Here is my first story I've wrote here, so please enjoy!

"Running, God, running in circles like I was mad, no not mad, I didn't end up here, I was just following the angels!" A sobbing man proclaimed as he shifted his shackles left to right.
"What the hell happened on that night!" Evans screamed, peering into the man's eyes with the leer of Death.
"They came, led me to salvation, got me away from those wreteched soldiers to salvation!" screaming again.
Filled with internal rage, I grabbed up a piece of glass, shoved it into his mouth, and ended his impunity with my own satisfaction, one swing after another.
"Just listen...." the man grumbled, tearing to see the sight of his own blood.

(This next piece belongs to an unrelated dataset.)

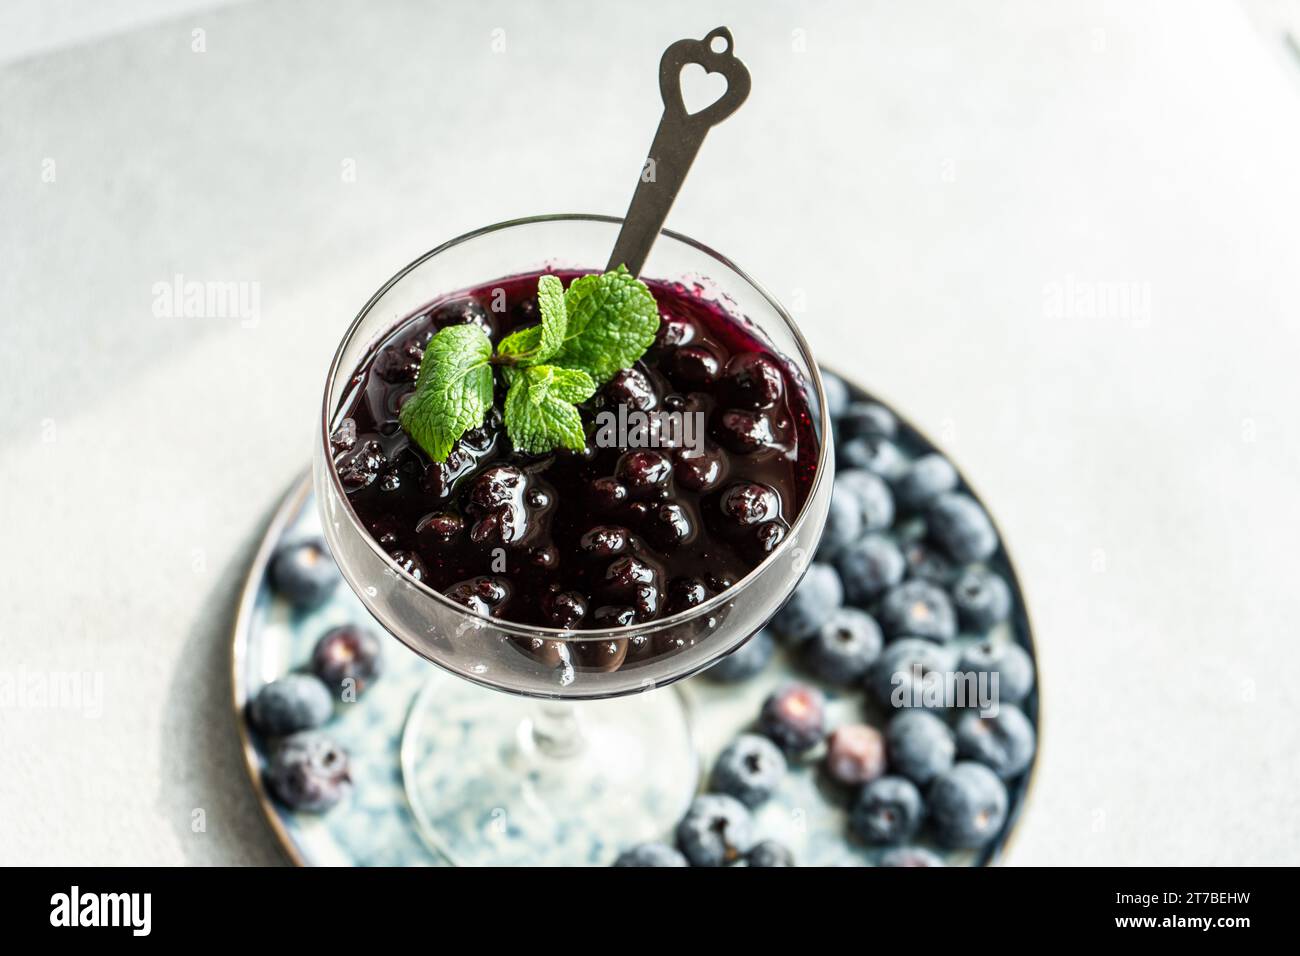 Close-up of a glass of blueberry jam with mint on a plate with fresh blueberries Stock Photo

"The angels.....the voices,the symbol I have, you will see soon enough" he said, and at that moment, fell to his knees and released his soul.
"Know how the hell are we supposed to find out about the men who died on that night!" I proclaimed while we dragged the limp and shattered body upon the streets along with the others.

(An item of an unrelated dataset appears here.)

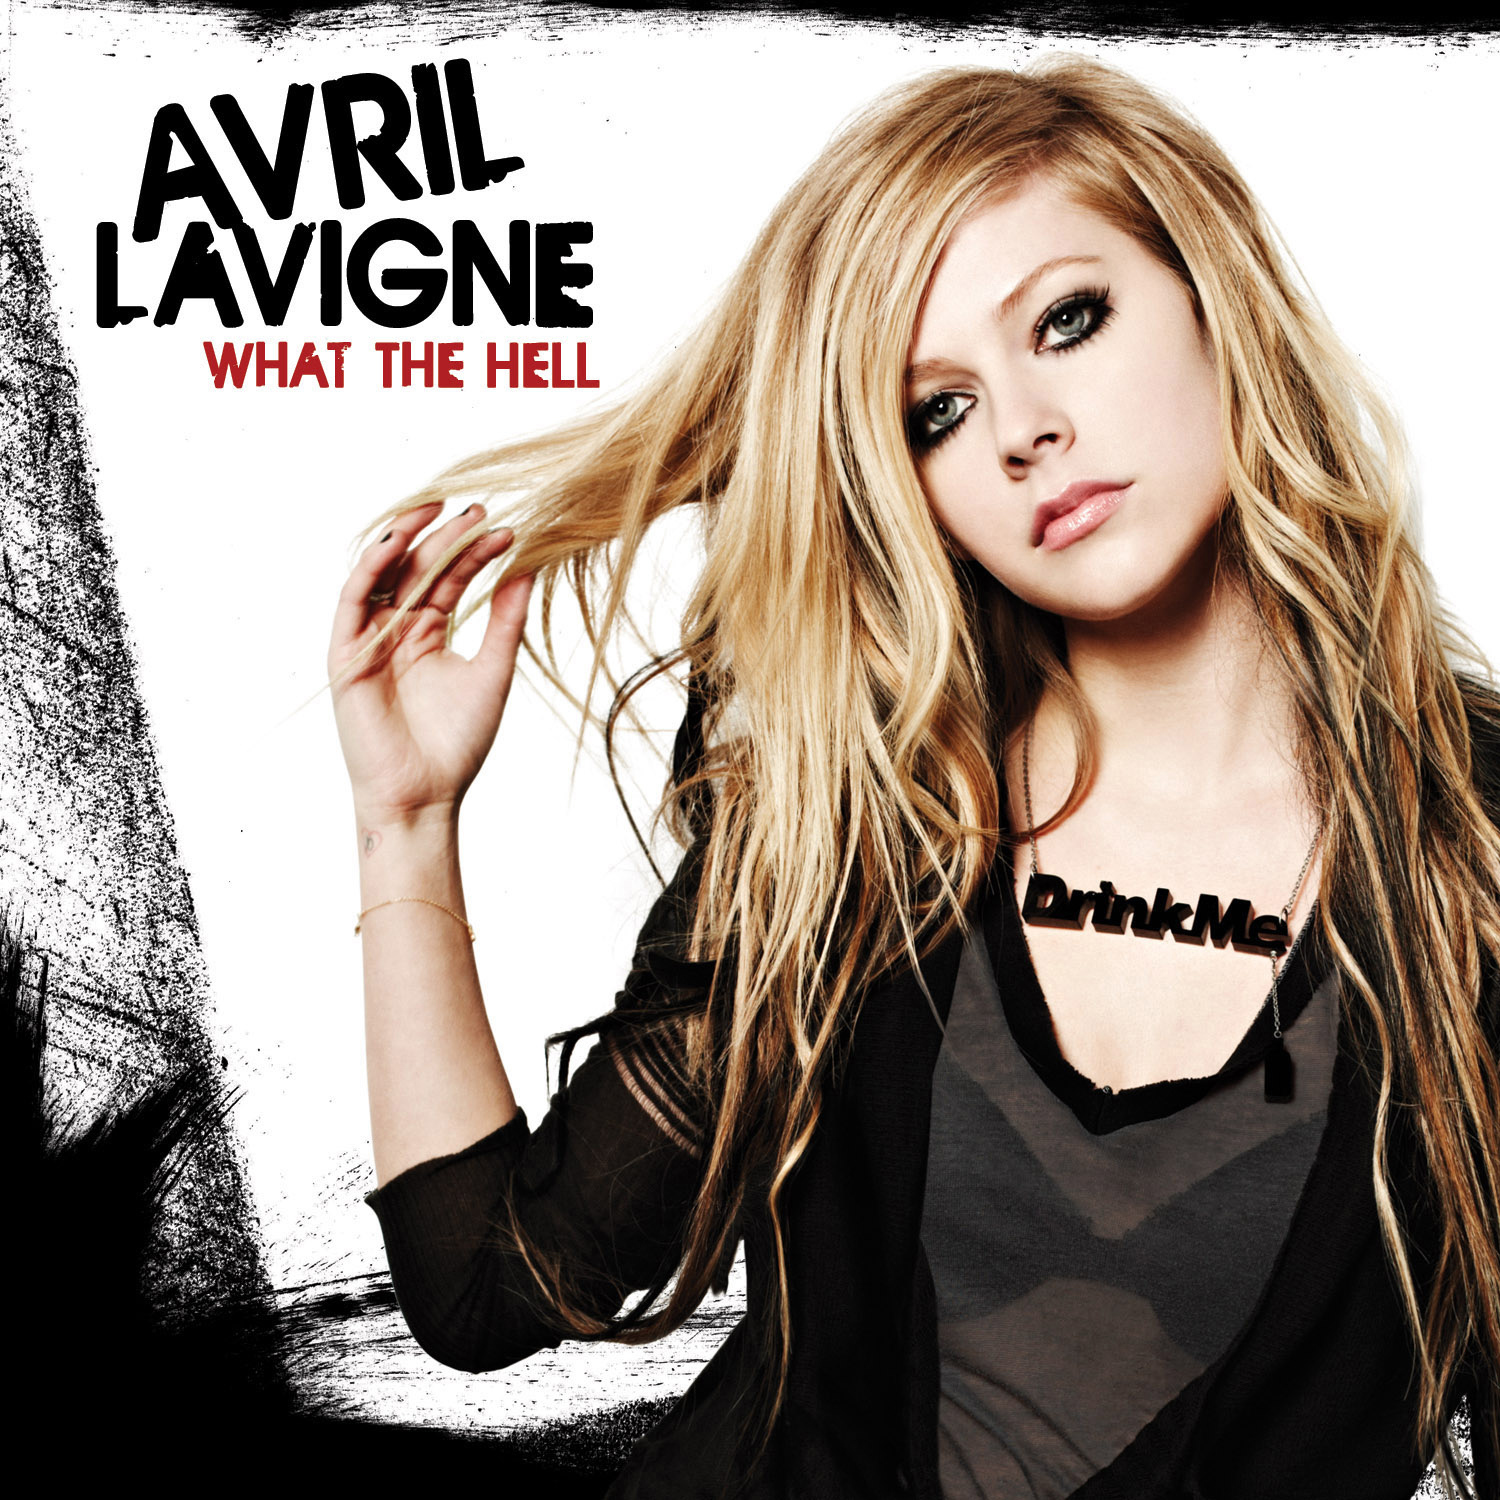 Avril Lavigne “What The Hell” Single Cover

"Let us not stumble with haste, we will find out who did this" Evans suaved to me in the kind words he spoke.
Avast, we walked upon the war-torn streets, the dead, the dying, the disease, the cries, God, the cries!
Corner after corner, lane after lane, mounds, pyrimads of bodies touch the sky, and at that moment I saw somebody.

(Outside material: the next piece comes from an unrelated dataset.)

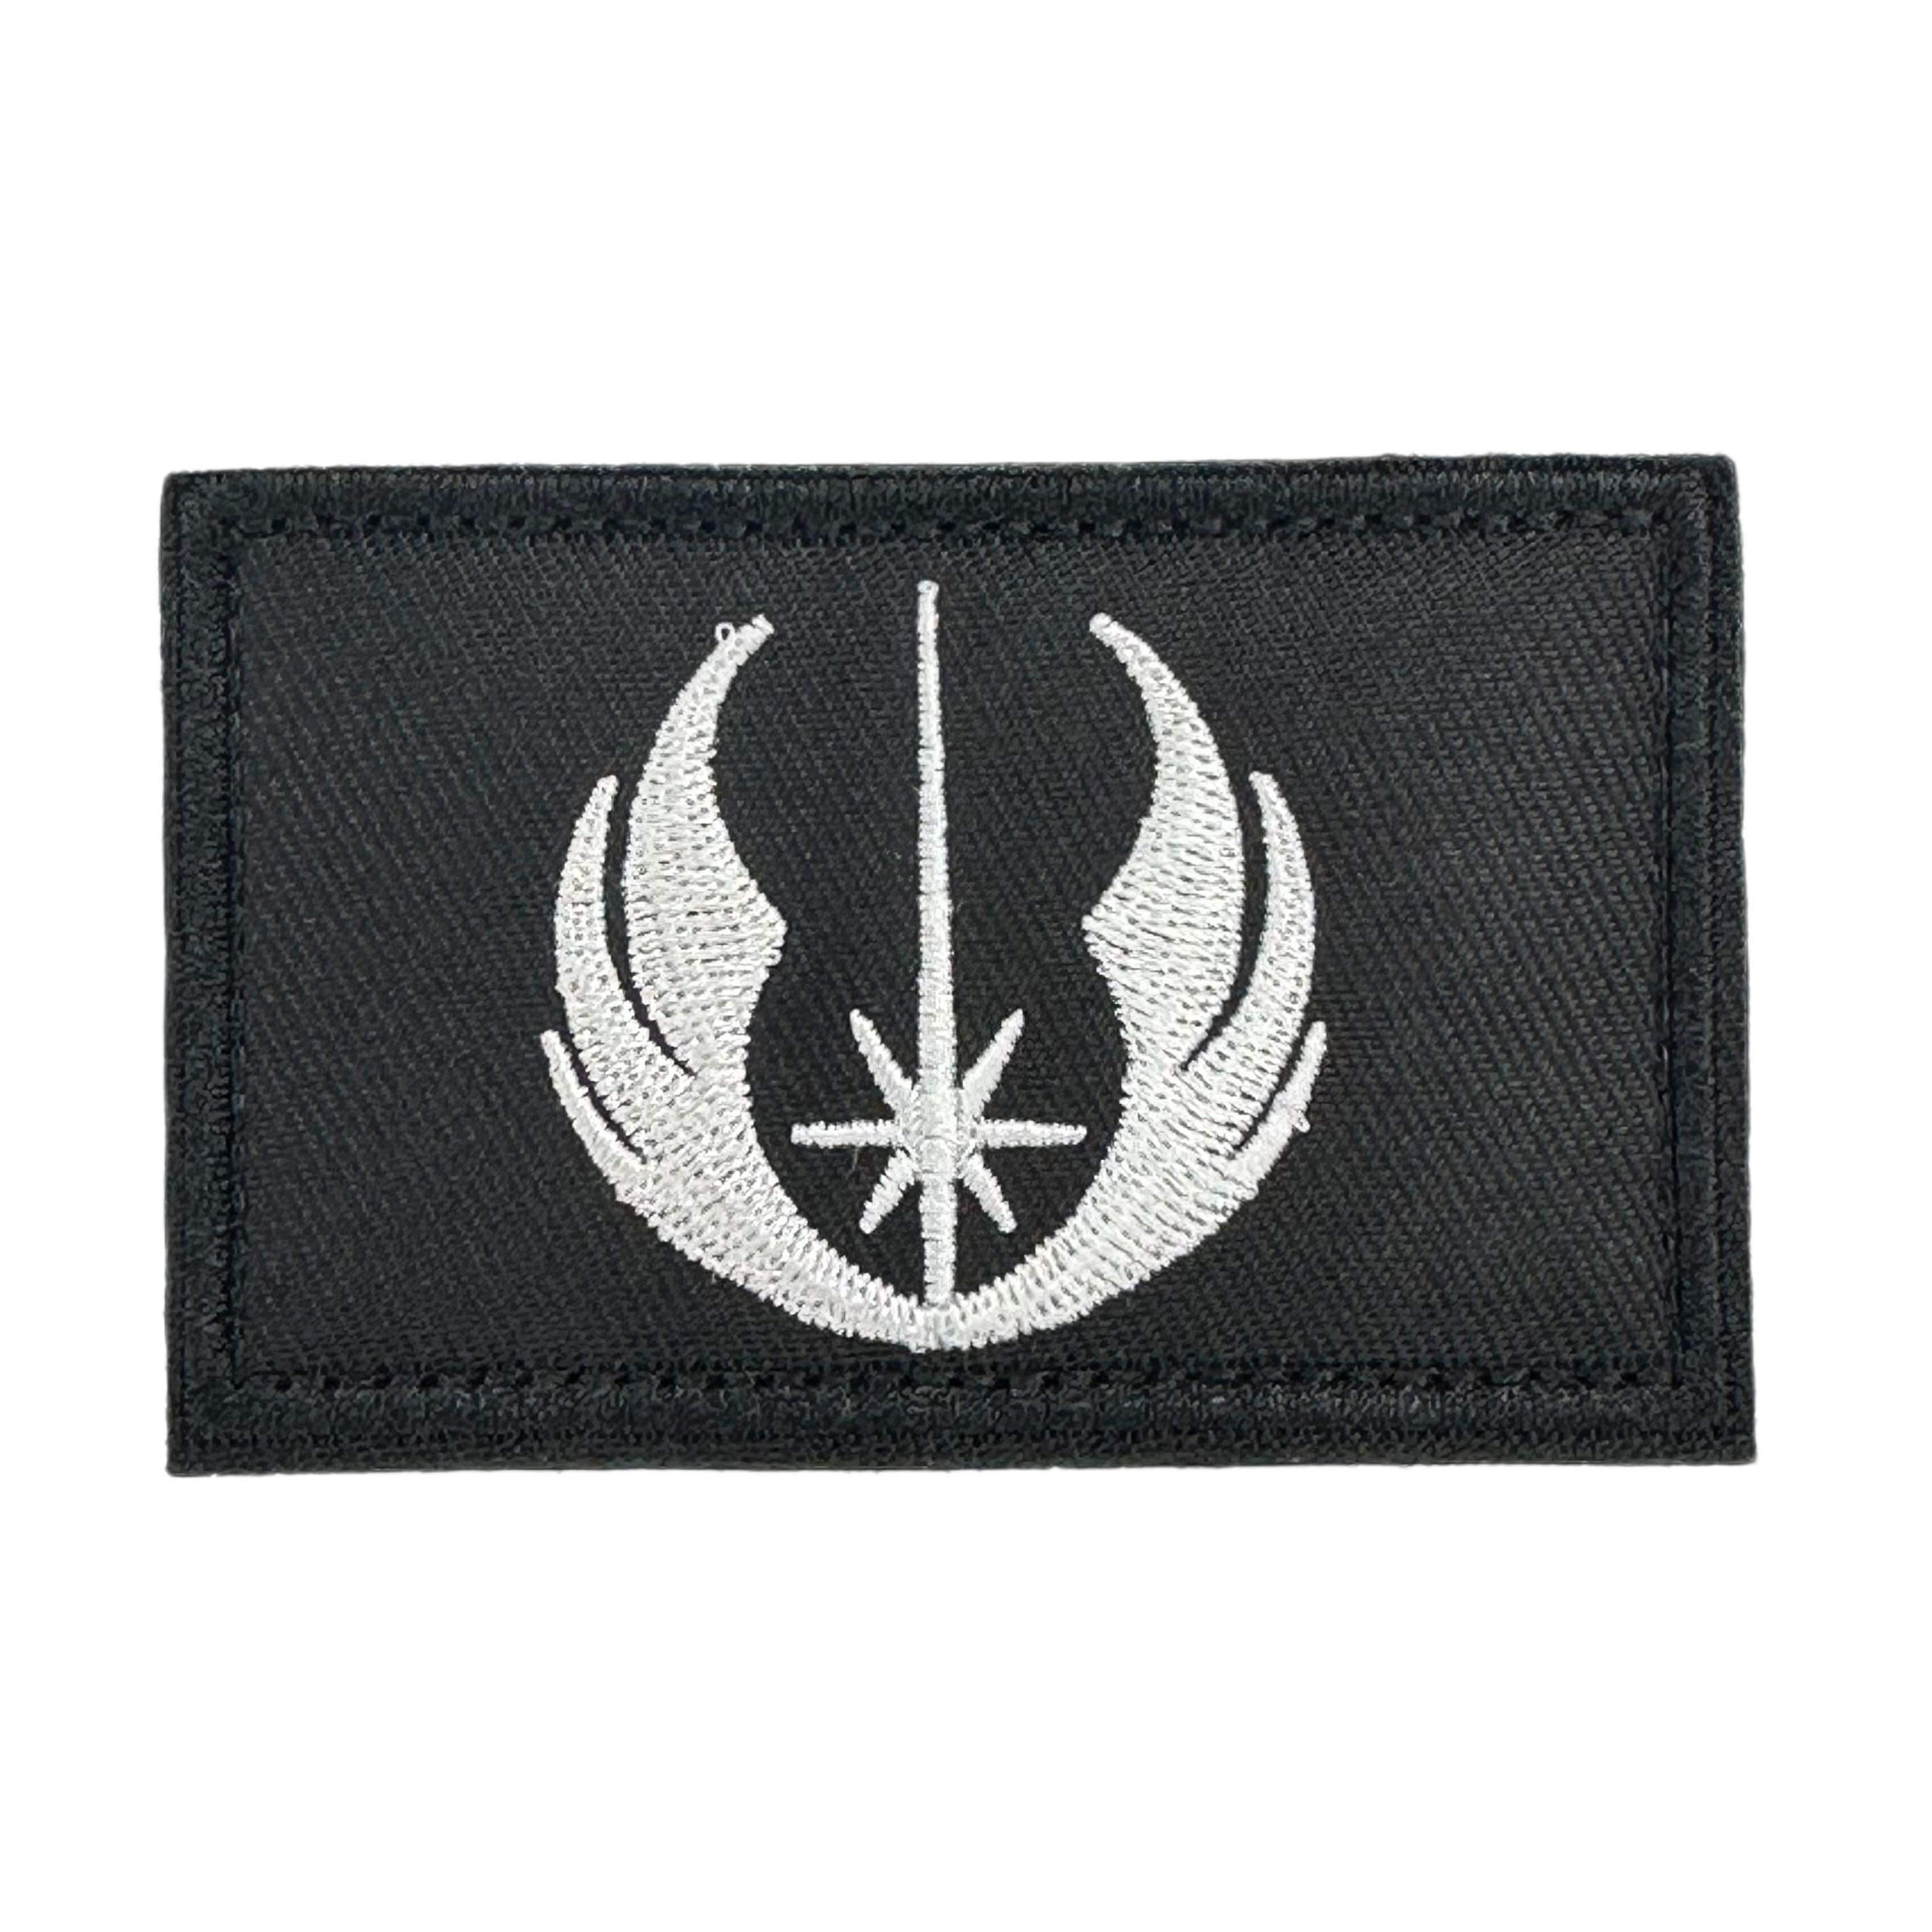 Embroidery Patch - Jedi Order

No not a person, but of that which belonged to the deitys themselfs.
Deciding to help, I sprinted towards the thing to see it only vanish in front of my mortal eyes.
"Follow"
"Understand"
"Wake"
"AHHH" I screamed, as I was becoming of one who belonged to the straight-jacket.
Stumbling, I fell upon the bodies at which I saw the phantom, and as I turned around, I heard the lone gun shot, I seen, I have tasted Death
That man, fell like a rock, upon the gravel street, longing a sigh of earthly troubles as he on his last string.
"Wake up, Adam" Evans cried
"Wake up"
Turning around, I saw that same ghoul that I saw earlier and began to pursue it.
Running, sprinting, I began to feel light, not lighter, more..... peaceful
At that time, the turning of my body introduced a bridge that the thing as stepped upon.
"Believe"
"Jump"
"Wake up"
Ignoring the voices, I ran upon the bridge till the most war-shattered part upon it.
You should have seen it, not crazy, not insane, but that thing, pointed down as I cornered it, mouthing "Believe"
"Your dead, bit**" I proclaimed as I ran to tackle and gain my retibution.
But with the speed, the devine power, it vanished, only happening to appear I was hanging upon the peice of wood, relating to me hanging for my Soul.
I turn my head to see that figure, that demon, that MONSTROSITY!
Attempting to pick up my gun that fell out of its sheath, I heard the final word from that being
"Let go"
"No!" I proclaimed, filling up with my own self ignorance and tears
"Let go" it said, and walked away, like a shadow in the night
Unable to hold on, closing my eyes, I let myself upon my Death
For one vast second, I felt the angels carrying me, seeing light, like a candle in the utter-most darkness. I'm at peace
"He's alive!" a man proclaimed as he shift around the medical supplies
I look around, seeing I am in a hospital with the bearing of a knife in my left arm, and upon there, I see the Symbol upon my arm. A cross.
 
It's sadly only 603 words. It has to be 1000 words, and the formatting isn't great either. I'm not sure how many full-stops I saw in there, but it was few. You also need to leave space between dialogue.
 
I like the concept but as Chiraami said, make it attractive for reading. Nobody wants to read a wall of text. Leave spaces. Emphasize points that you want to emphasize using italics etc.

What I'm trying to say is ... make it a bit more organized.